Assignment: All the lines below should be set down exactly, with no picture carried into the copy.

Available data:
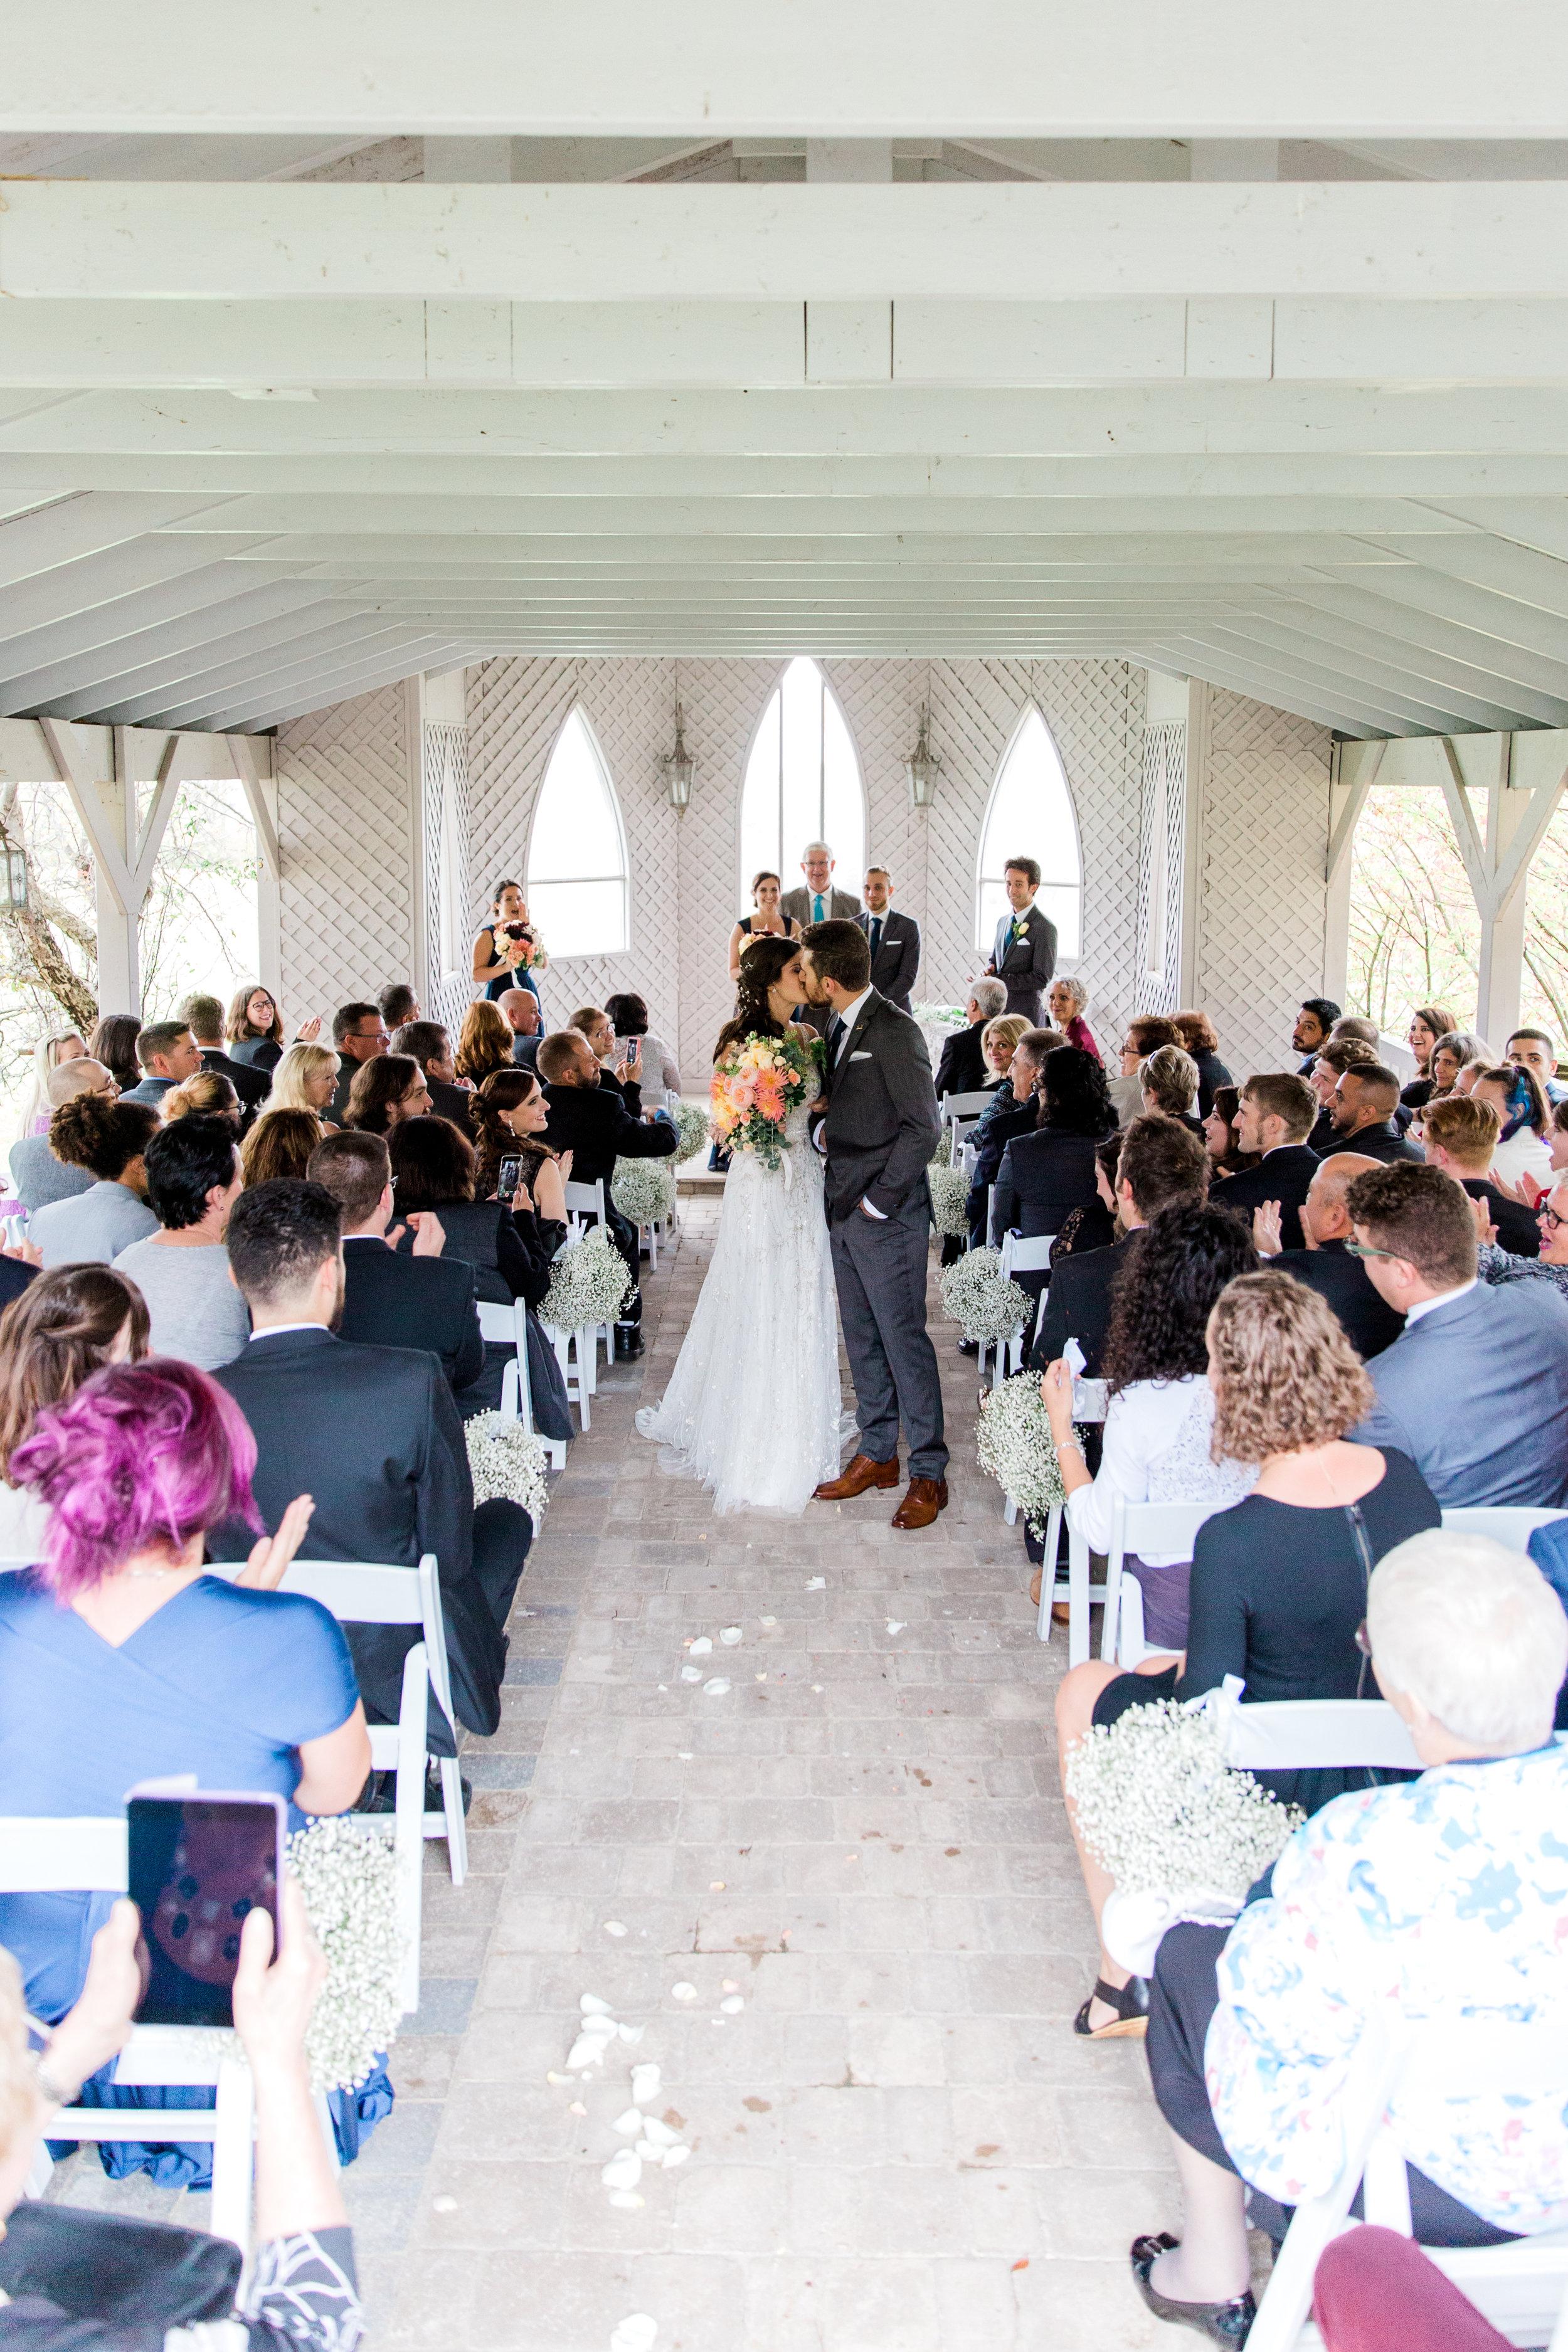 Amir-Golbazi-Danielle-Giroux-Photography_Toronto-Wedding_Cedarwood_Rachel-Paul_231.jpg
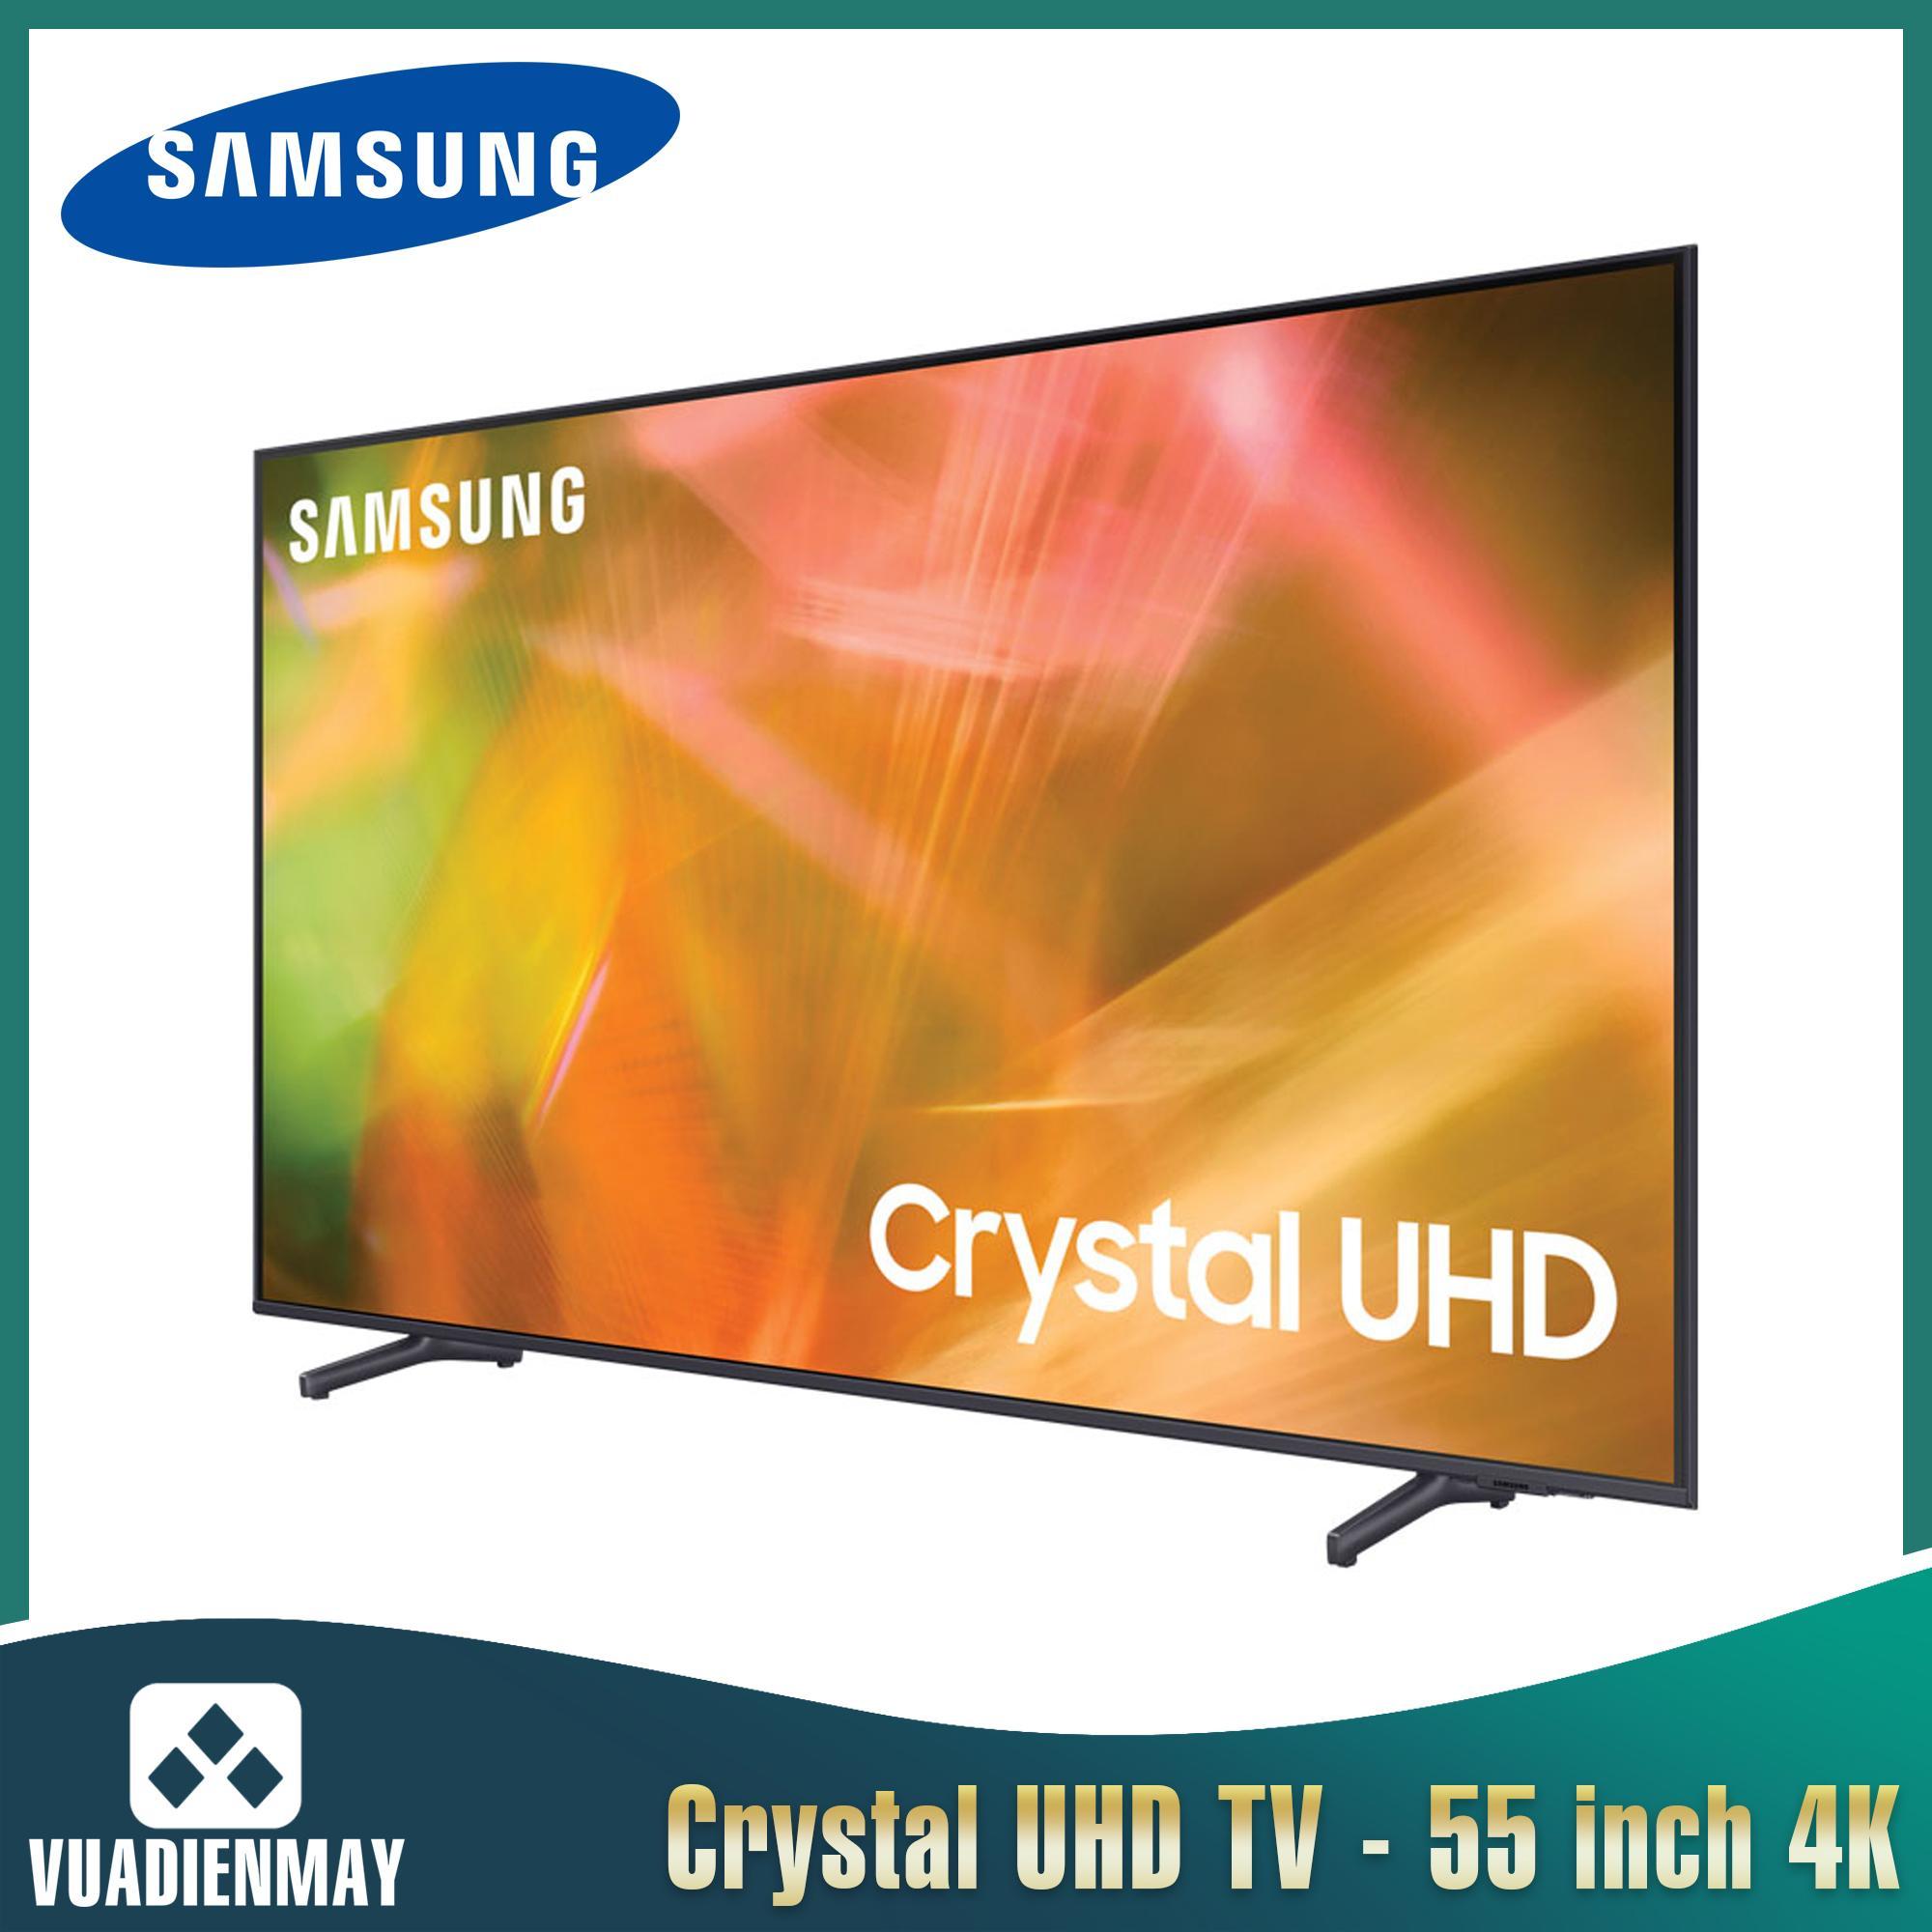 Tivi Samsung Crystal UHD 4K 55 inch
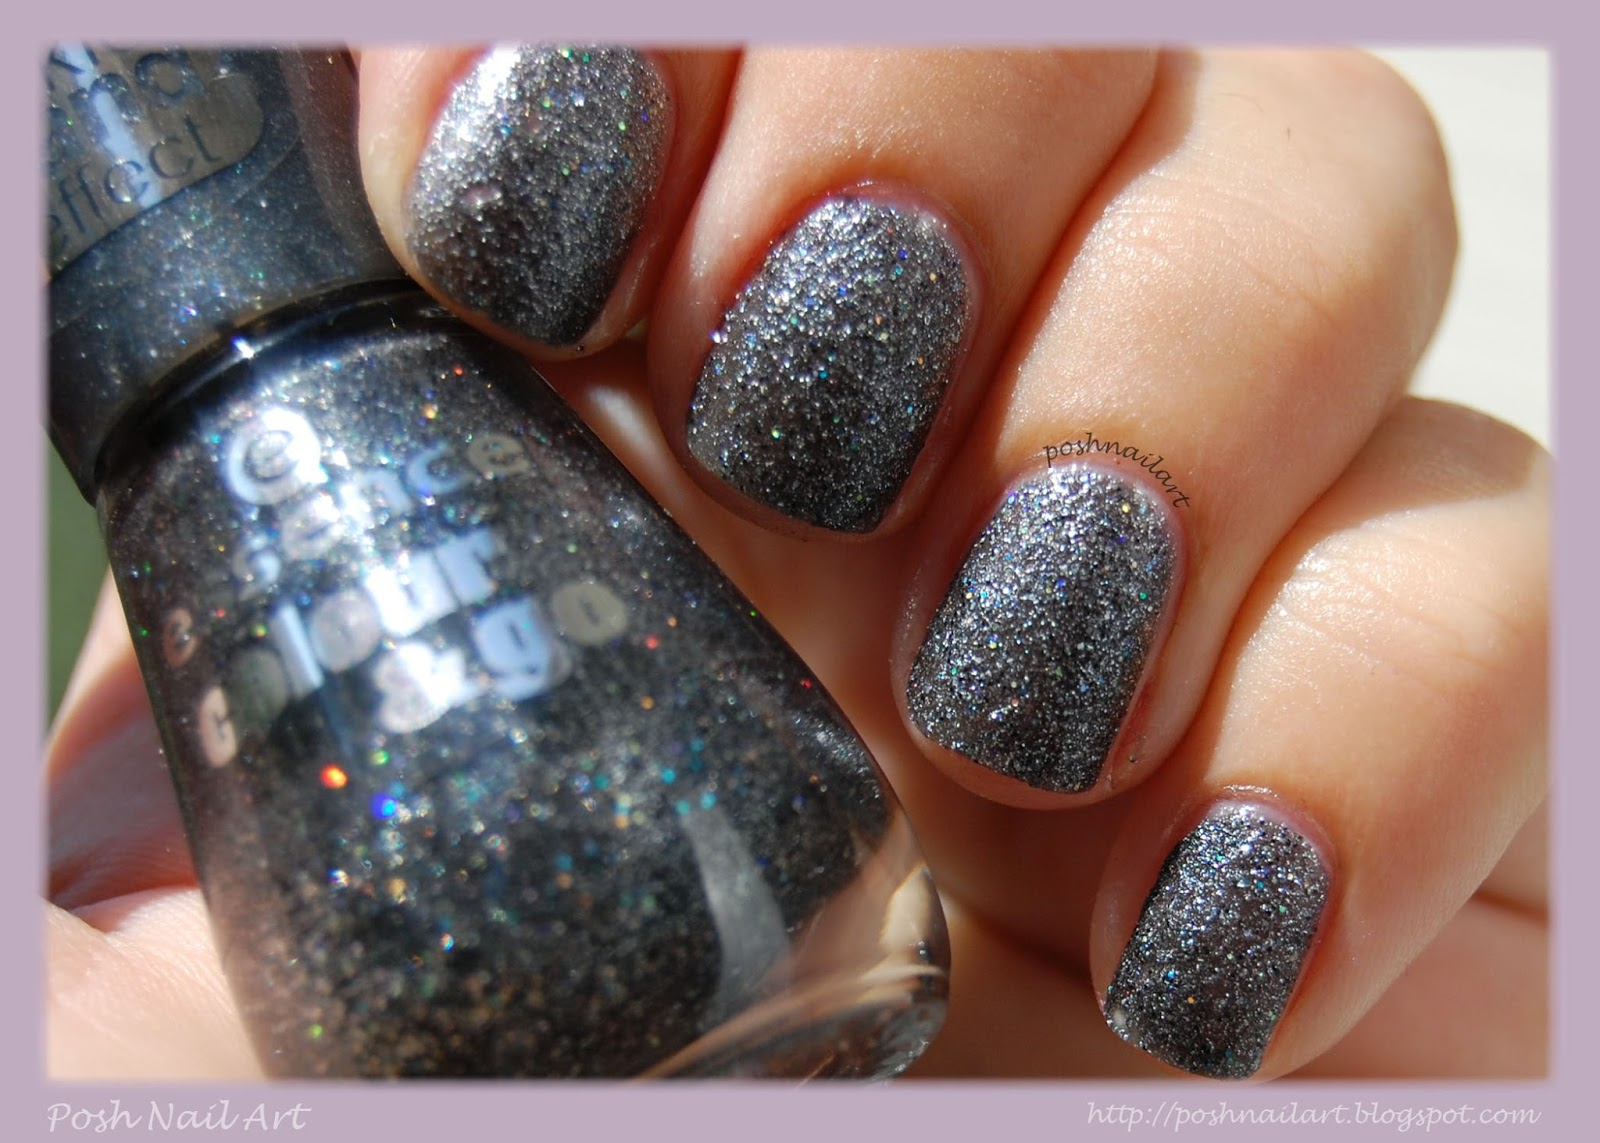 Posh Nail Art: Essence Sparkle Sand Effect

Answer:
 Amir-Golbazi-Danielle-Giroux-Photography_Toronto-Wedding_Cedarwood_Rachel-Paul_231.jpg
 Tivi Samsung Crystal UHD 4K 55 inch
 Posh Nail Art: Essence Sparkle Sand Effect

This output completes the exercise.